Cross-domain generalization remains a challenge: Accuracy drops significantly off-diagonal (e.g., training on Dataset 3 and testing on Dataset 4 yields only 32%), indicating poor model generalization.
Text length becomes a misleading feature: Models trained on short texts fail when applied to long texts.

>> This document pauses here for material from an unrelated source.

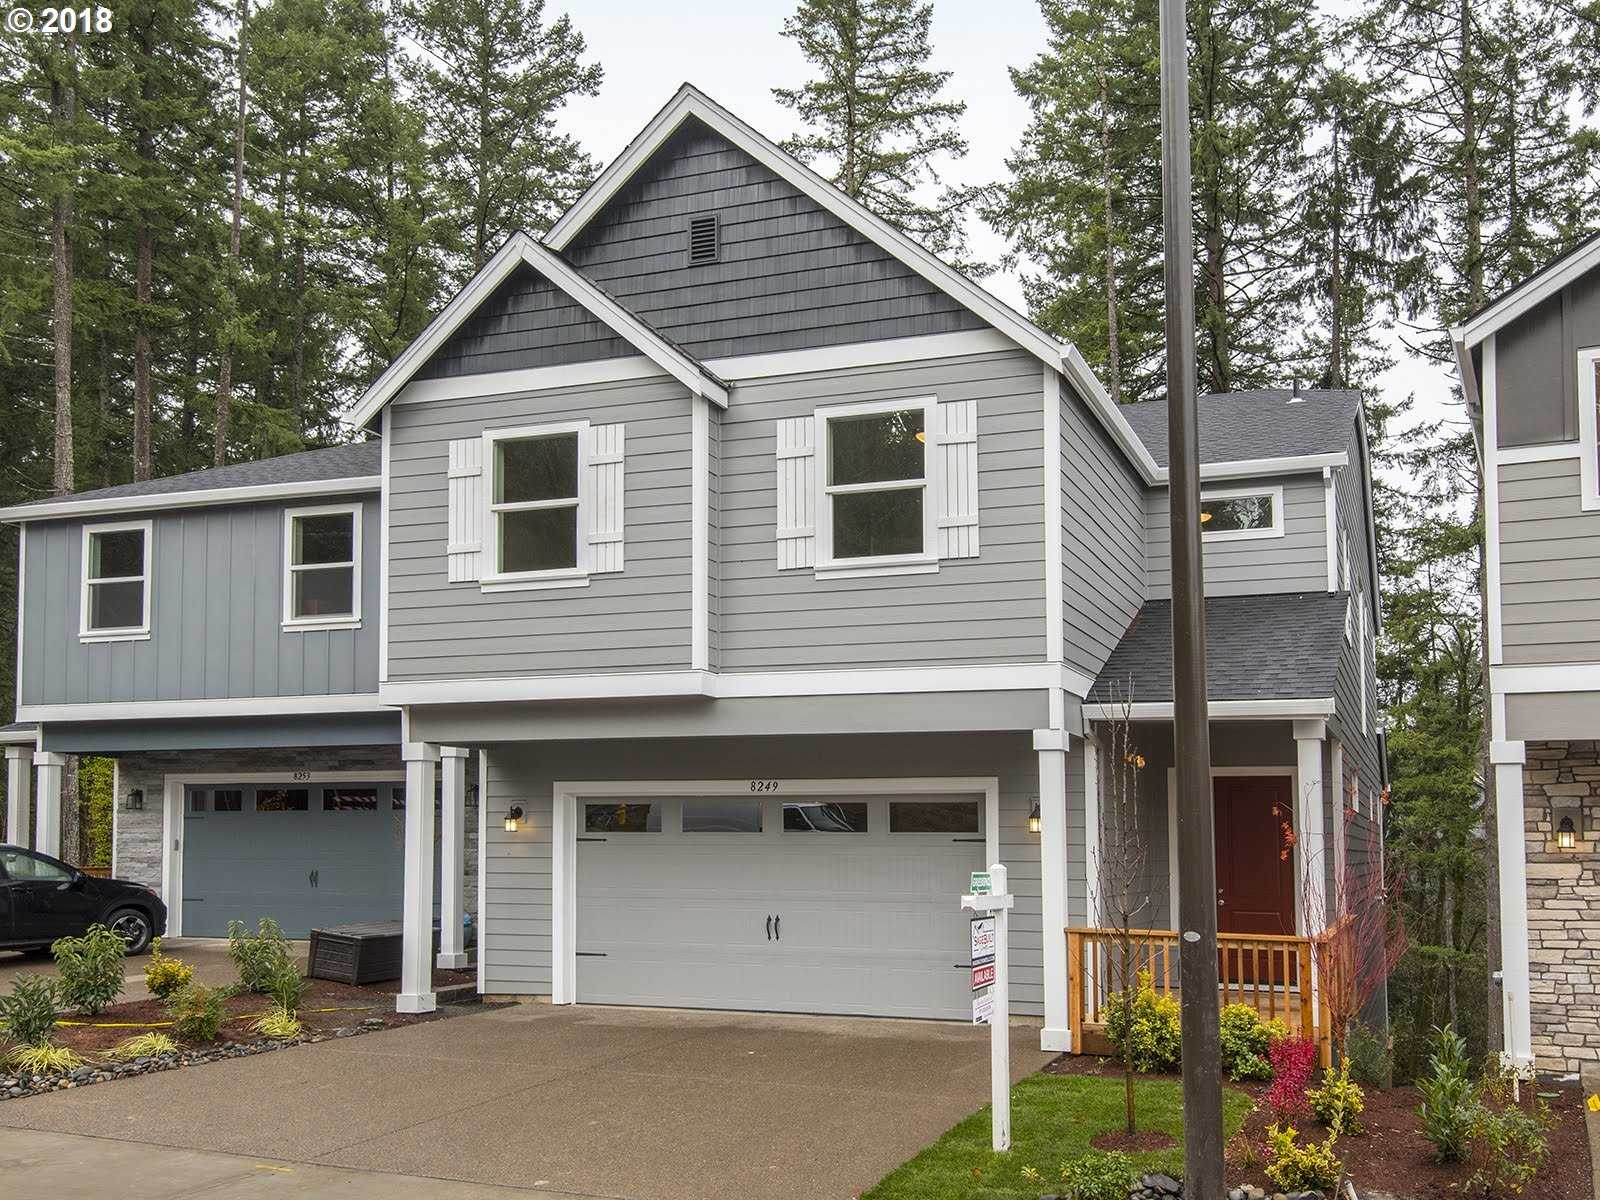 $559,950 - 5Br/4Ba -  for Sale in Beaverton

This is because, in short datasets, the average token count of fake news is significantly higher than that of real news, causing the model to inadvertently learn length features.
Data augmentation is effective for the MGT module: Enhancing the MGT module of Dataset 1 using the M4 dataset improves MGT accuracy by 3% and overall accuracy by 4%.

Highlights & Insights¶

Forward-looking task definition: In an era inundated with LLM-generated content, the 4-way classification framework (distinguishing Human/Machine \(\times\) Real/Fake) is much more aligned with practical needs than traditional binary classification.
Simple yet effective decomposition paradigm: Breaking down the complex 4-way classification into two simpler binary tasks substantially improves performance without requiring complex model architectures.
Attention to low-resource languages: Urdu has 230 million speakers but remains severely under-researched in NLP. This work fills an important gap.
Real-world issues revealed by cross-domain analysis: The finding that the model relies on text length as a feature serves as a warning regarding robustness in real-world deployment.

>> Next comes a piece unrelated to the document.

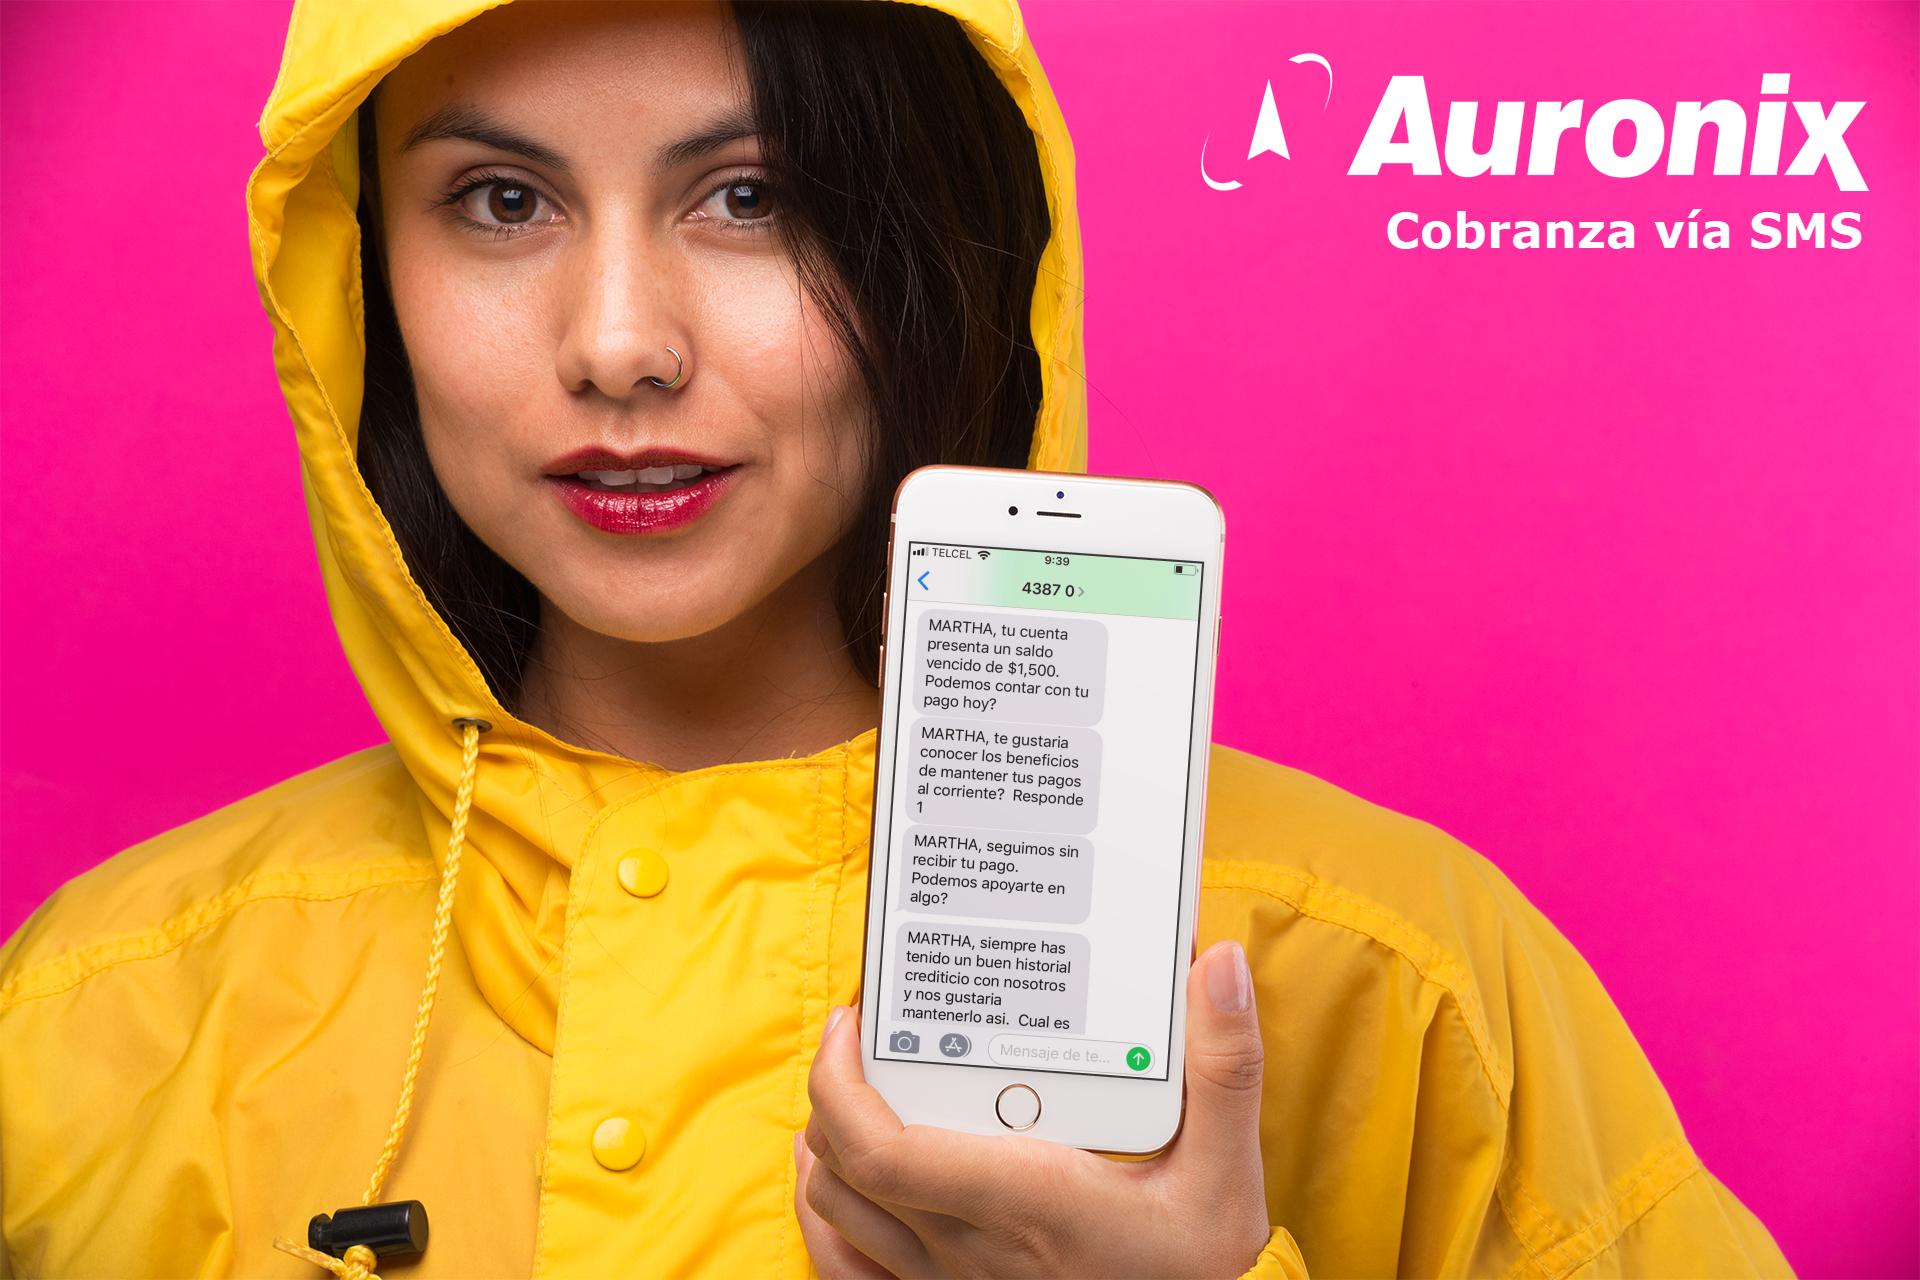 sms cobranza via texto insistente con calixta de auronix-1

Limitations & Future Work¶

Only xlm-RoBERTa-base was used; stronger multilingual models (such as mBERT, XLM-R-large) were not explored.
TF-IDF features may not be optimal for the LSVM baseline, and news features like NELA could perform better but are costly to implement.
Poor cross-domain generalization necessitates exploring domain adaptation techniques.
The issue of text length being used as a shortcut feature has not been addressed at the methodological level.
The MGT module only covers outputs from GPT-4o and does not encompass content generated by other LLMs.
The dataset scale is relatively small (at most 10,000 samples); performance in large-scale scenarios remains unknown.

Su et al. (2023): Proposed Structured Mimicry Prompting to simultaneously generate machine-written real/fake news; this study adopts a similar paradigm to generate Urdu data.
Zellers et al. (2019) GROVER: Pioneer work on simultaneously generating and detecting fake news articles.
Wang et al. (2024) M4: A multilingual machine-generated text detection dataset, of which the Urdu subset was used in this study for data augmentation.
The hierarchical classification approach can be extended to other multi-dimensional classification tasks (e.g., joint sentiment and topic classification).

Rating¶

Novelty: 7/10 — The 4-way framework and hierarchical decomposition are reasonable innovations, but the technical formulation is relatively baseline.
Experimental Thoroughness: 8/10 — Conducted extensively across four datasets, multiple combinations, and 49 sets of cross-domain evaluations, with in-depth analysis.
Writing Quality: 7/10 — Well-structured and appropriately analyzed, though some narratives are slightly redundant.
Value: 7/10 — Makes critical contributions to low-resource fake news detection, though the technical depth of the methodology is limited.